The Analysis of Molecular Variance (AMOVA) indicates that the variation among groups accounts for 11.20% of the total MSY genetic variance (Table 1). There is greater genetic heterogeneity among the AA groups (20.01%, P < 0.01 and 18.49%, P < 0.01 without MN, the hunter-gatherer group from southern Thailand) than among the TK (4.48%, P < 0.01) and ST-speaking Karen groups (2.29%, P > 0.01). For the AA groups with more than one population sampled, the greatest among-group variation by far was among the three Lawa populations (34.43%, P < 0.01), while the seven Mon populations showed very low (albeit still significant) among-group variation (3.92%, P < 0.01) (Figure S2). Very low among-group variation was also observed for the central Thai groups from central Thailand (1.47% P > 0.01), Khon Mueang groups from northern Thailand (−1.83%, P > 0.01), and Lao Isan groups from northeastern Thailand (1.84%, P > 0.01), indicating overall genetic homogeneity among these major TK speaking groups. In agreement with the MSY, larger mtDNA variation is observed in the AA groups (14.03%, P < 0.01) than the ST (6.51%, P < 0.01) and TK groups (4.33%, P < 0.01), but interestingly the largest among-group variation is not among the Lawa (7.78%, P < 0.01) but rather among the Htin populations (25.71%, P < 0.01). In contrast to the MSY, each of the TK groups with more than one population sampled showed significant among-group differences for mtDNA, especially the Khon Mueang (4.20%, P < 0.01) (Figure S2). In sum, we observed different patterns of MSY vs. mtDNA for the different language groups. The among-population variation within linguistic groups is larger for the MSY (20.01%, P < 0.01) than for mtDNA (14.03%, P < 0.01) for AA groups, but about the same for TK groups (4.48%, P < 0.01 for MSY and 4.33%, P < 0.01 for mtDNA), and the ST groups have larger among-population variation for mtDNA (6.51%, P < 0.01) than for the MSY (2.29%, P < 0.01) (Table 1; Figure S2). Thus, there are different patterns of MSY vs. mtDNA differentiation for these three language families.

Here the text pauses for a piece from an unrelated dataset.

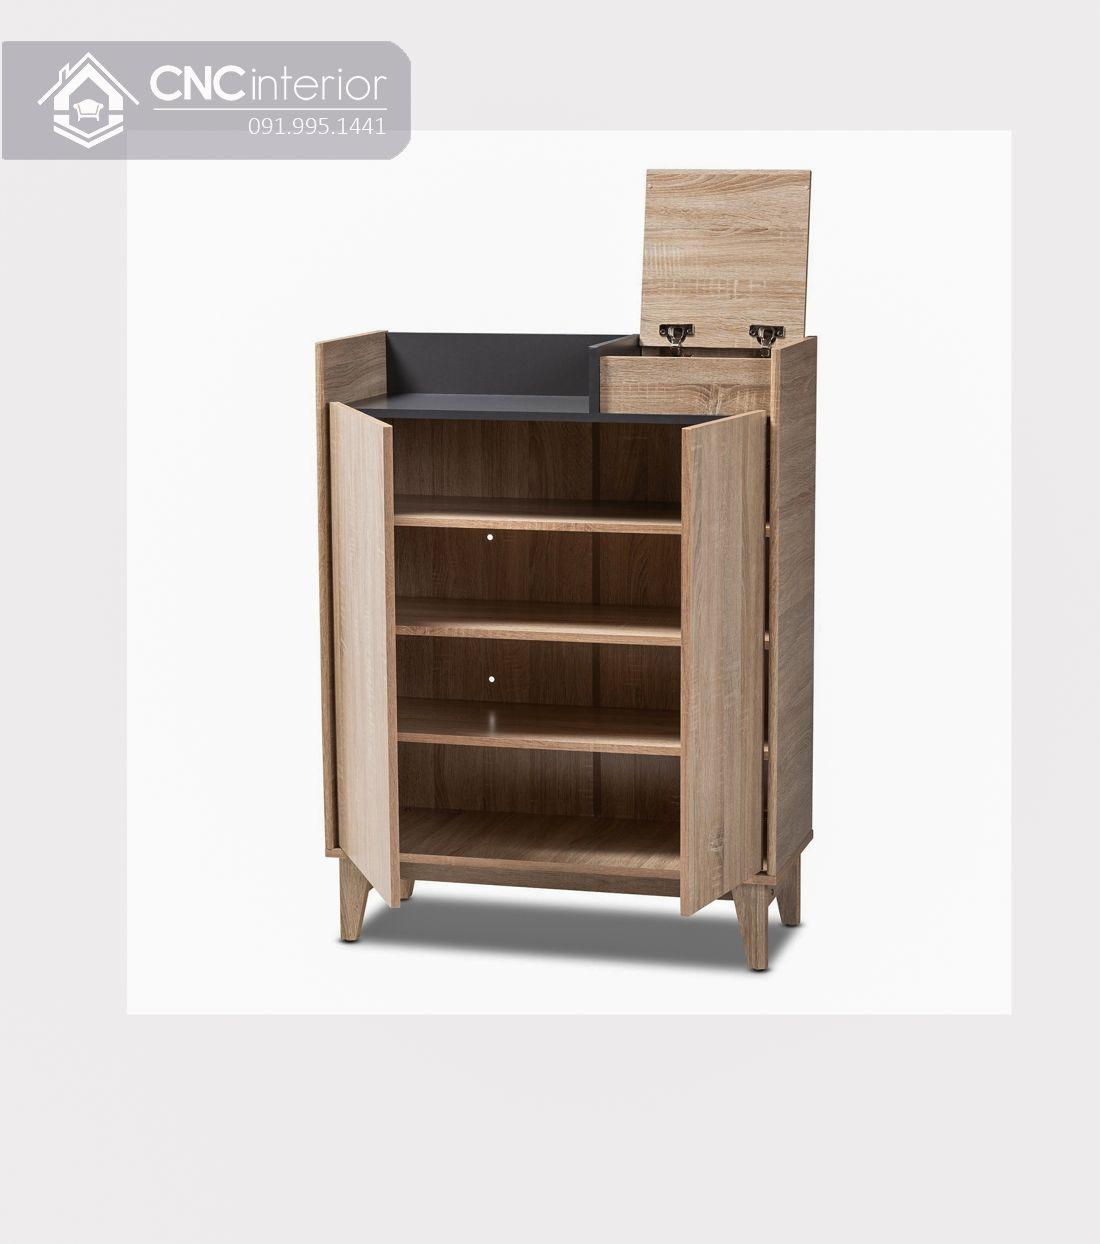 Tủ giày gỗ công nghiệp MFC hiện đại CNC 01 2

Although there is more variation among groups defined by geographic location (2.38%, P < 0.01) than by language family (1.63%, P < 0.01) (Table 1) there is much more MSY variation among populations within the same group than among groups defined either by geographic or linguistic criteria. Moreover, when the divergent MN population of hunter-gatherers from southern Thailand is removed from the analysis, then the among-group component is no longer significant for either geographic location or language family (−0.09%, P > 0.01 for geography; −0.01%, P > 0.01 for language), and the total variation among populations reduces to 10.54%. Thus, neither geography nor language family is a good predictor of the MSY genetic structure of Thai/Lao populations.
There are significant correlations between matrices of MSY genetic and geographic distance, estimated by Mantel tests, for all three types of geographic distances, i.e. great circle distance (r = 0.3381, P < 0.01), resistance distance (r = 0.5418, P < 0.01) and least-cost path distance (r = 0.3912, P < 0.01). However, the correlations are no longer significant when the MN group is removed from the analysis: great circle distance (r = 0.0125, P > 0.05), resistance distance (r = −0.0446, P > 0.05) and least-cost path distance (r = 0.0139, P > 0.05). In contrary, no significance was detected (P > 0.05) between matrices of mtDNA genetic distance and geographic distances with and without MN (great circle distance: r = 0.0776 and r = −0.0323), resistance distance (r =0.1433 and r = −0.1105) and least-cost path distance (r = 0.0997 and r = −0.0253).
To identify and describe population clustering based on multivariate analysis, Discriminant Analysis of Principal Components (DAPC) was carried out. This analysis attempts to maximize among-groups genetic differentiation and minimize within-group genetic variation; the results showed considerable overlap among groups defined by either language family or geographic location in both MSY and mtDNA (Figure S3). In addition, the groupings by population and ethnicity of MSY data revealed the largest discrimination to be among some AA-speaking groups, i.e. all Lawa groups (LW1-LW3), Htin (TN1) and Blang (BL) whereas all Htin groups (TN1, TN2 and TN3), Mlabri (MA), TK-speaking Seak (SK) and ST-speaking Karen (KSK1, KSK2 and KPW) are differentiated from the others for mtDNA, emphasizing contrasting genetic pattern between MSY and mtDNA for Htin, Mlabri, Lawa, Blang, Seak and Karen.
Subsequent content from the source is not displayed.